> _Dataset excerpt_:
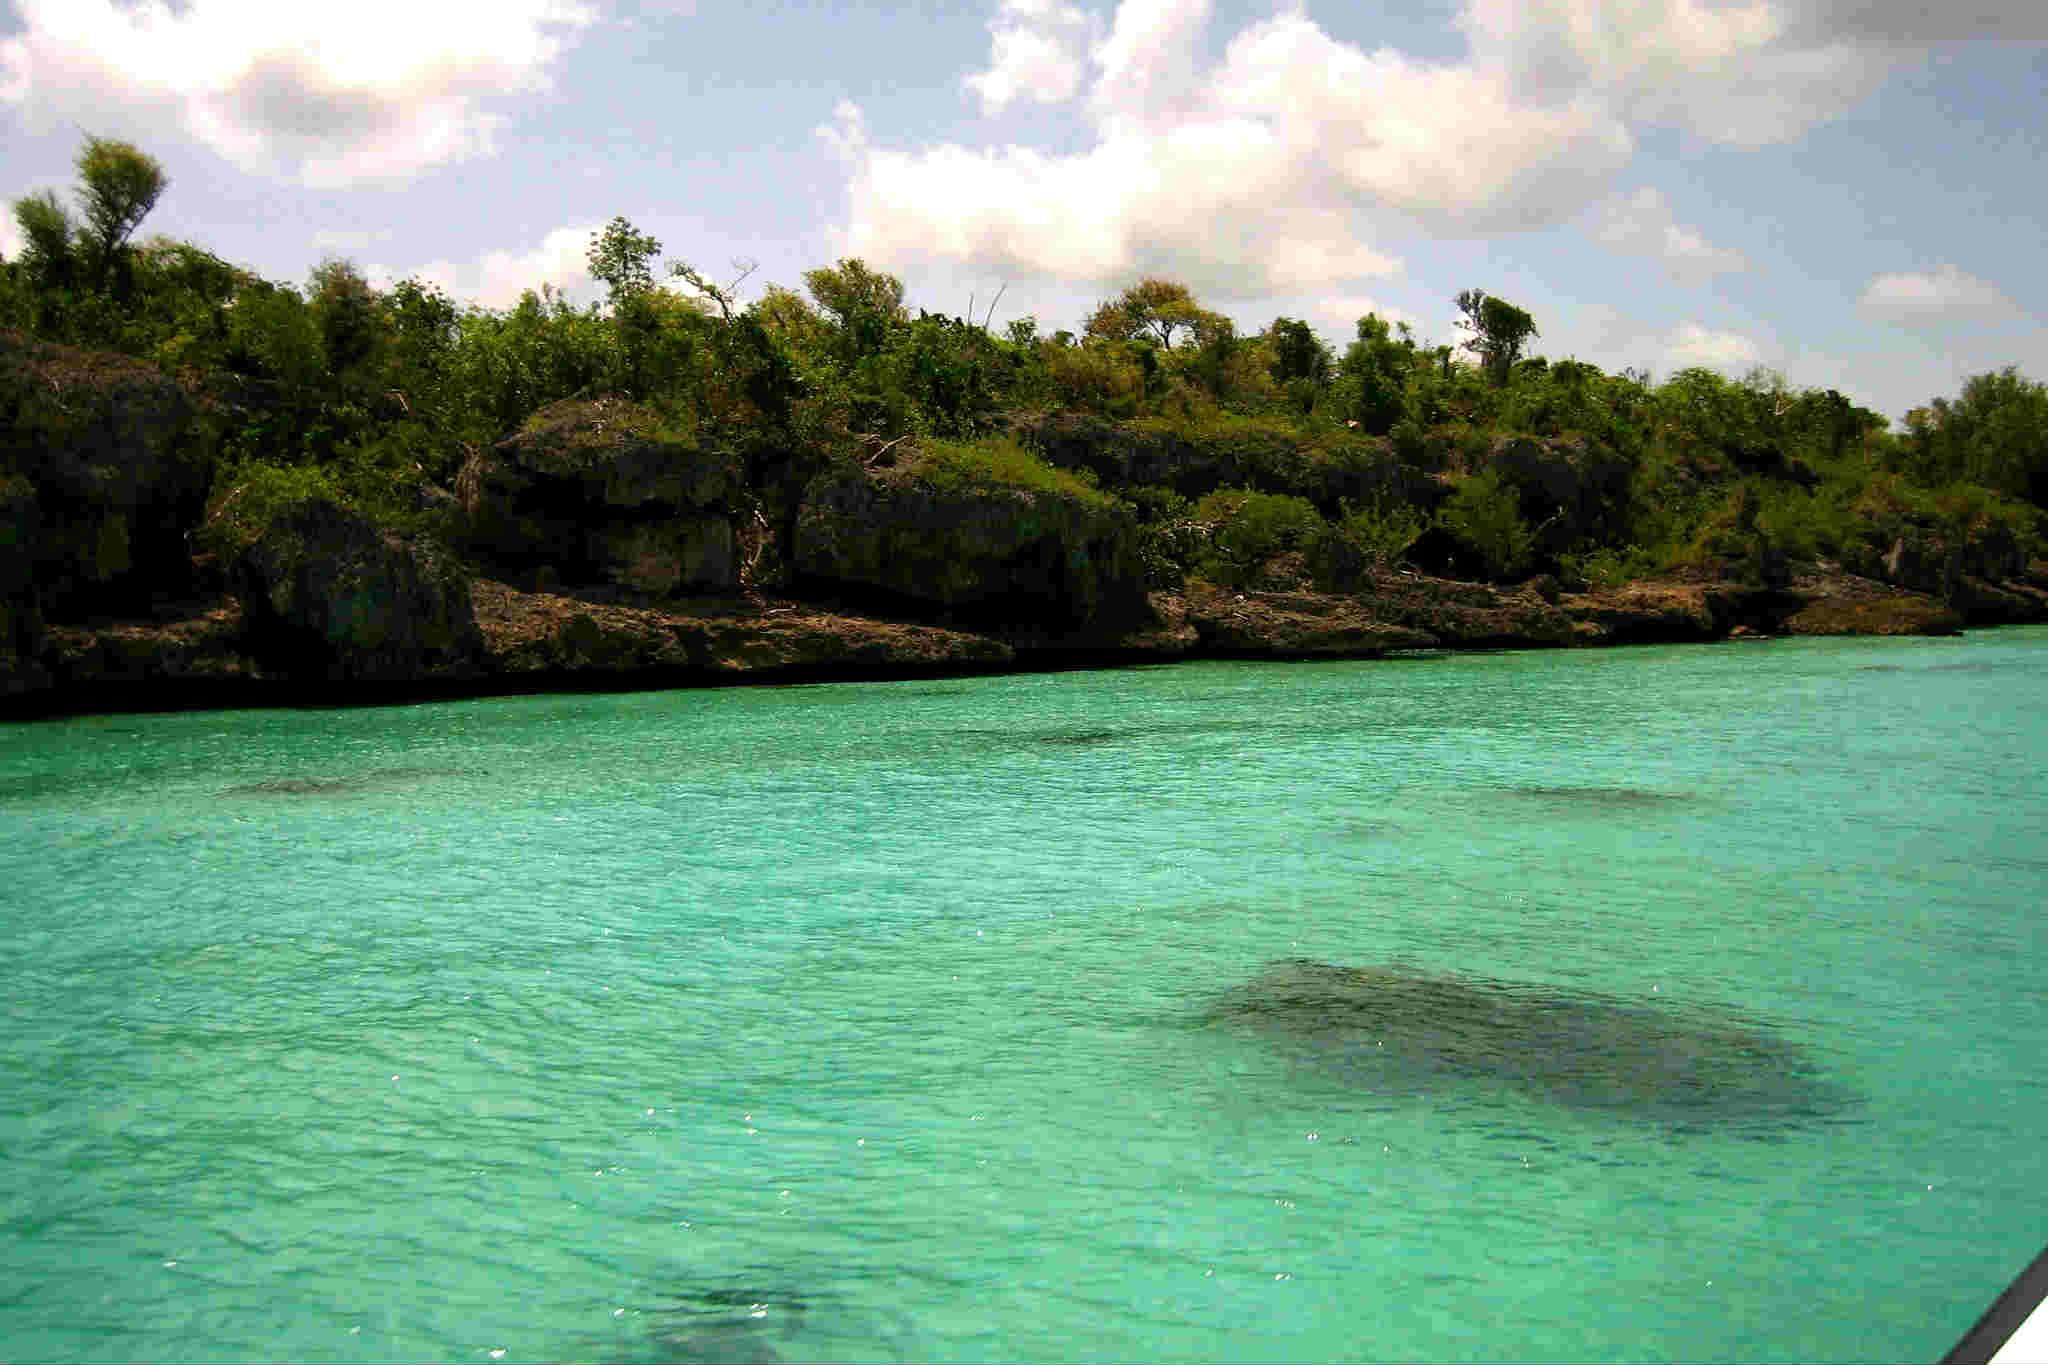 Soana la isla Foto Los Incalificables
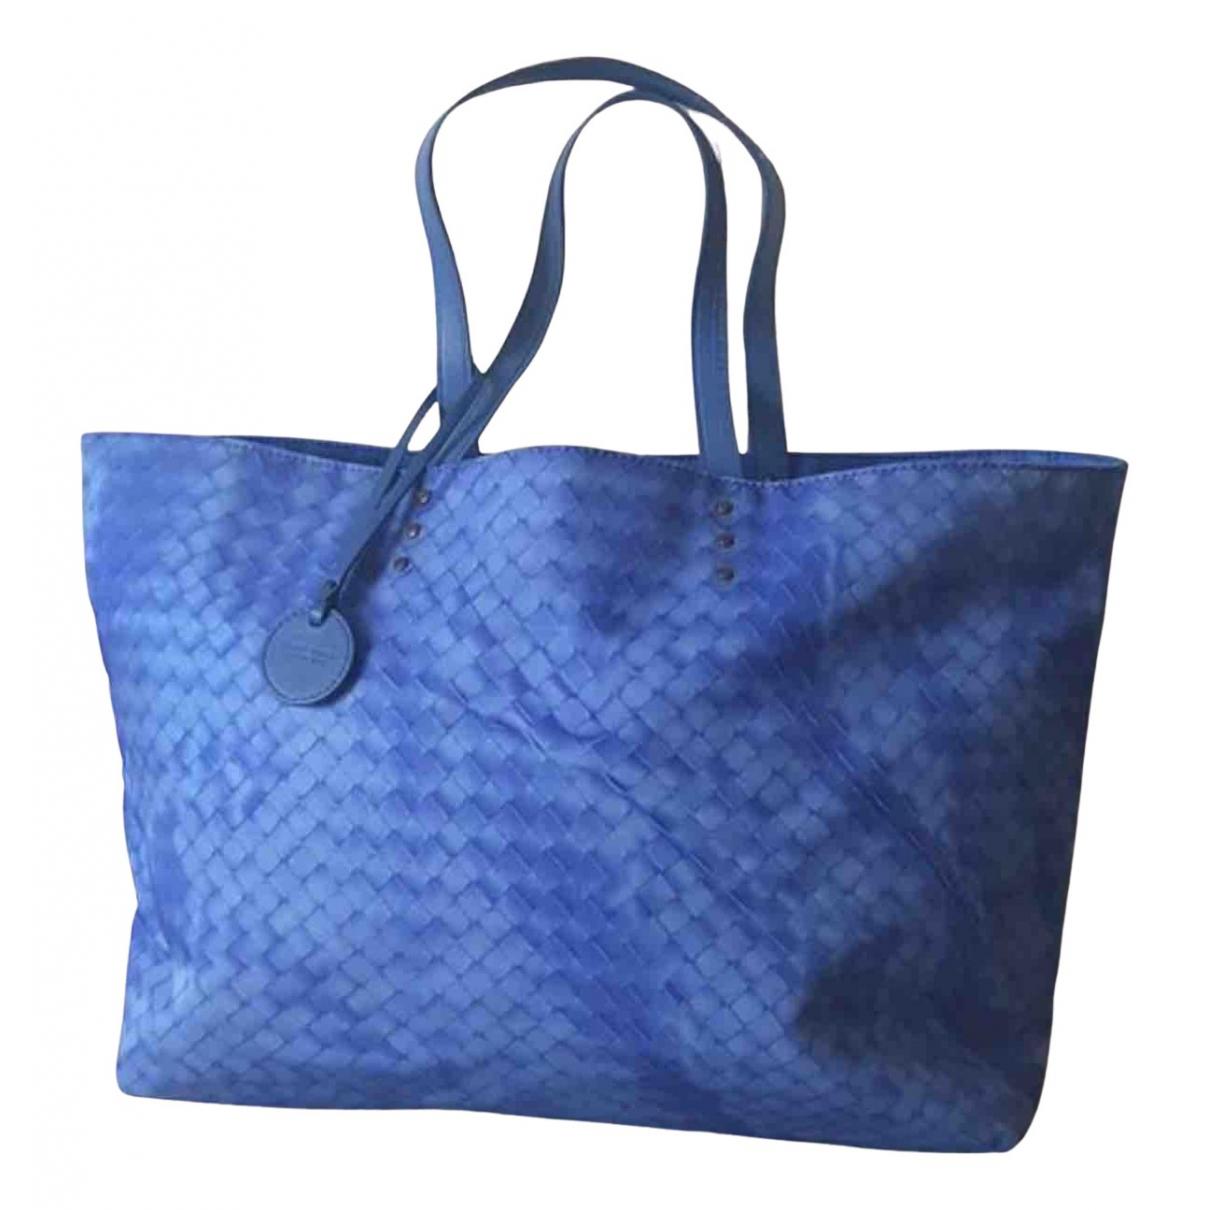 Bottega Veneta - Sac a main Fourre-Tout  pour femme en toile - bleu
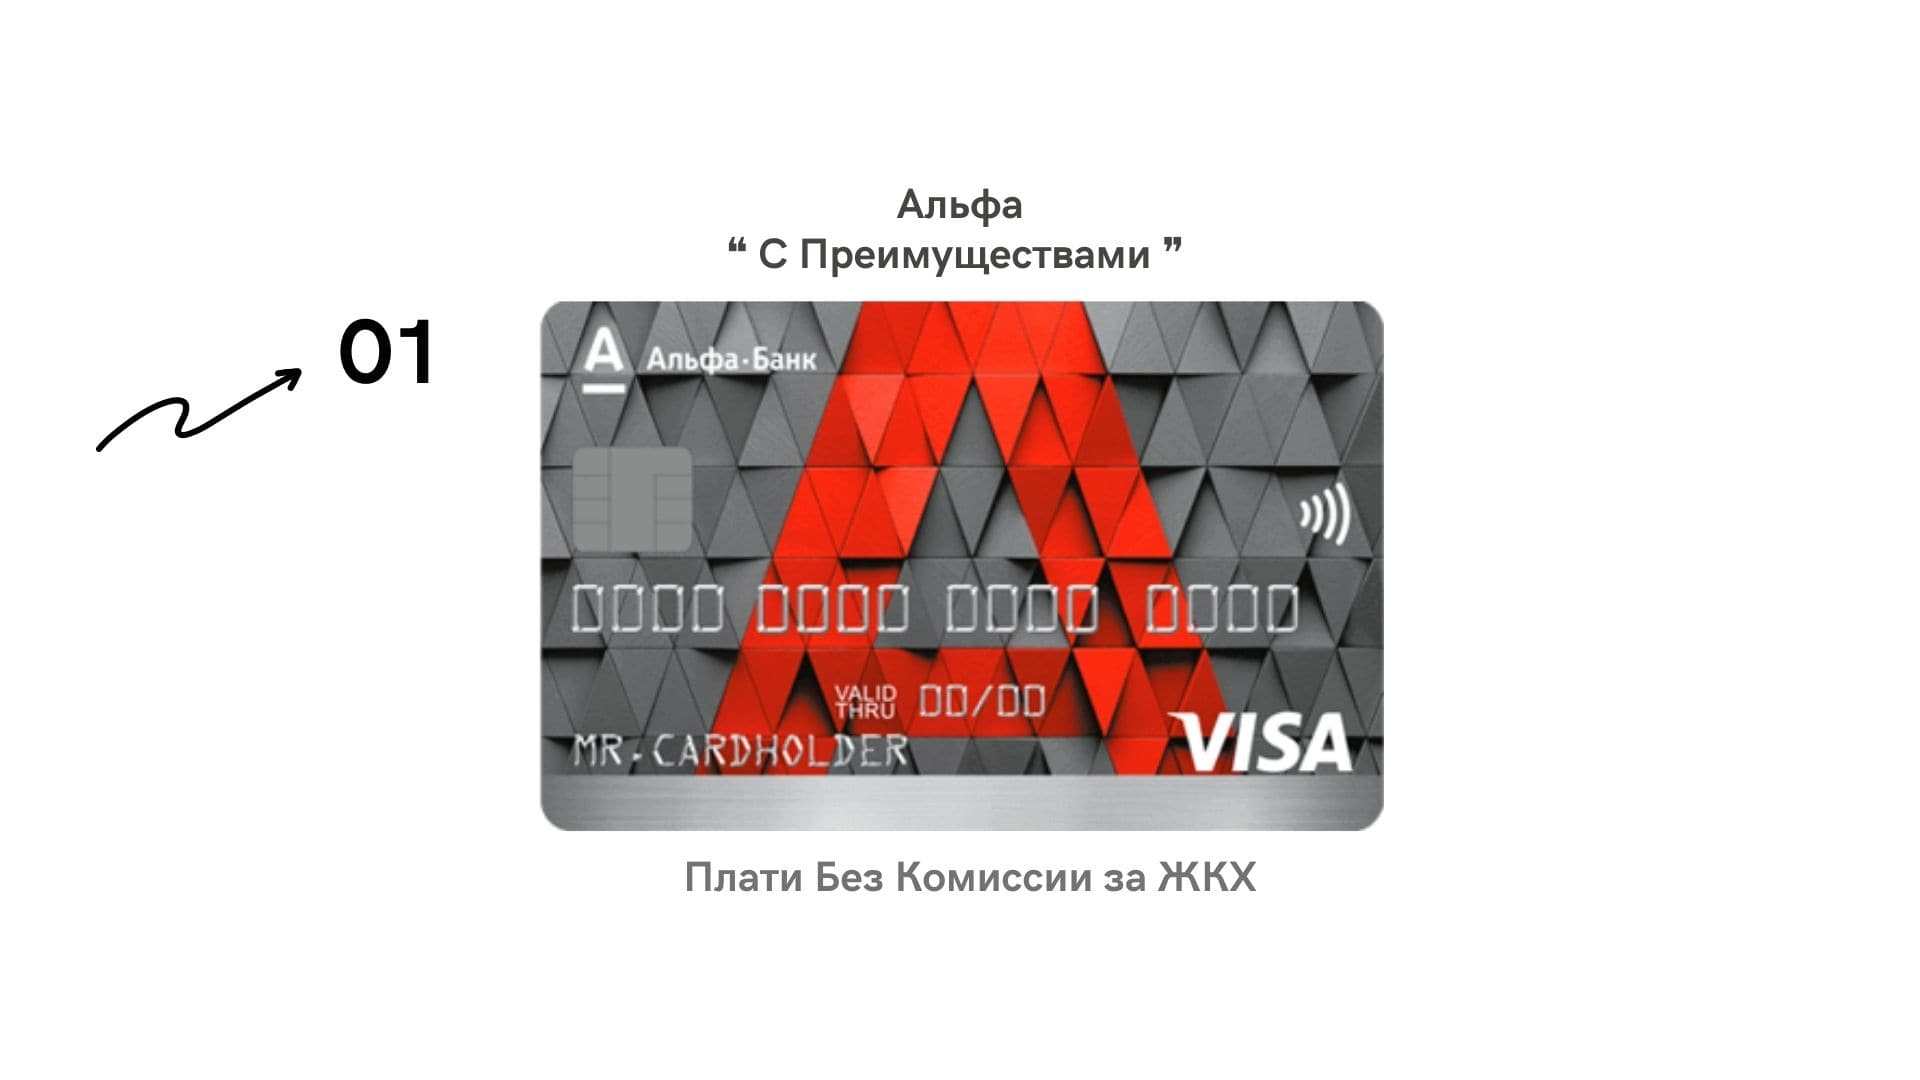 альфа банк оплата жкх без комиссии

> _Problem details_:
Whenever a line holds a picture, print that line without the picture. All other data must be output exactly.

> _Result of this exercise_:
 Soana la isla Foto Los Incalificables
 Bottega Veneta - Sac a main Fourre-Tout  pour femme en toile - bleu
 альфа банк оплата жкх без комиссии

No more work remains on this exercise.